Which documents belong to this category? Scans of graphic files are examples of non-editable document – infographics or advertising materials with text embedded in the background, which needs to be translated. If you want to translate such documents, you have to read this article. The process of translating PDF files and ways to lower the cost of it will be explained here. How to avoid, responsible for a high price, time-consuming formatting of the document?
How translating PDF files usually looks like?
First OCR needs to be done by a DTP specialist. In this process, automatic text detection happens. Thanks to the appropriate software, the text is separated, which will allow in the future it’s edition and replace with translated version.
After OCR process, the validity of the text is checked. Even the most advanced OCR software won’t replace a sharp specialists eye. That’s why the text needs to be verified, because words with similar spelling could be missed.
Next in CAT tool (Computer-assisted Translation, not Machine translation) a new translation project is created, which is transferred to the translator. There are some different workflow possibilities. In extended version it will be a correction by a native speaker, proofreading and, in the final stage, quality assurance, the last verification. Shorter workflow would be just translation and a quality assurance.
The last step in a translation process is giving the translation to a DTP specialist. He is responsible for graphic files so the target document is the same as a source document, but just translated.
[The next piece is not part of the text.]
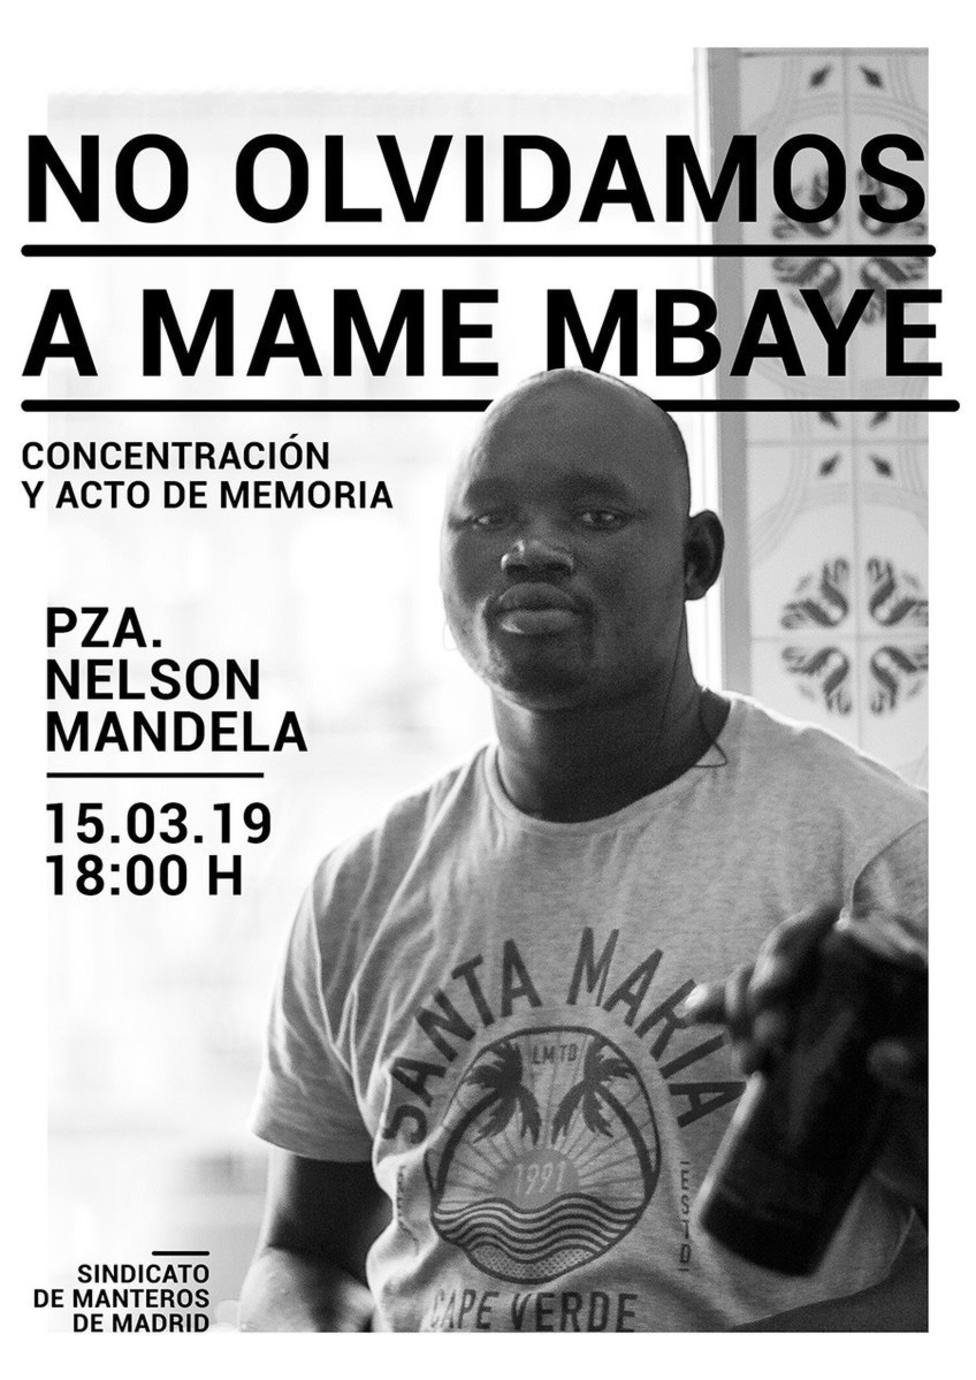 El Sindicato de Manteros convoca hoy una concentración en recuerdo de Mame Mbaye un año después de su muerte

So called back engineering is in use here. In this process the original graphic layout stays in translated document with it’s high quality. Processes compliant with quality certificate ISO 9001:2009 deliver the highest translation quality.
It’s obvious that translating PDF files bounds a whole crew of professionals. Thanks to this we can receive best quality target file, but it takes time and it’s labor-intensive.
What can you do to make translation process faster.
If you can, find your editable files. Behind most of PDF files there’s an editable document. PDF files are almost always generated out of different format files, which is possible at least with an option ‘print into PDF’. You can make PDF files from Microsoft Word (DOCX), Microsoft PowerPoint (PPTX) or internet browser (HTML). PDF format gives the final file version, not intended for further editing. This format freeze the text and graphics, not allowing them to move, which is why it’s so hard for editing.
Translating document directly from PDF file it has to be initially formatted, which makes the whole process longer and more expensive. To avoid that, just send translator editable file. Provider will perform the translation based on editable document, allowing CAT tools to directly project the original format.
Of course if you need a PDF scan translation, you won’t find editable version. It depends on a graphic layout and text formatting how complicated the files edition process will be.
With editable documents you don’t have to pay for recreation formatting. What’s more, thanks to CAT tools, it is possible to fit translations into original text. If you forget to send editable text to your translator and he will remind about it – don’t delete the message, try to figure out, where the file can be. You can use it as an advantage!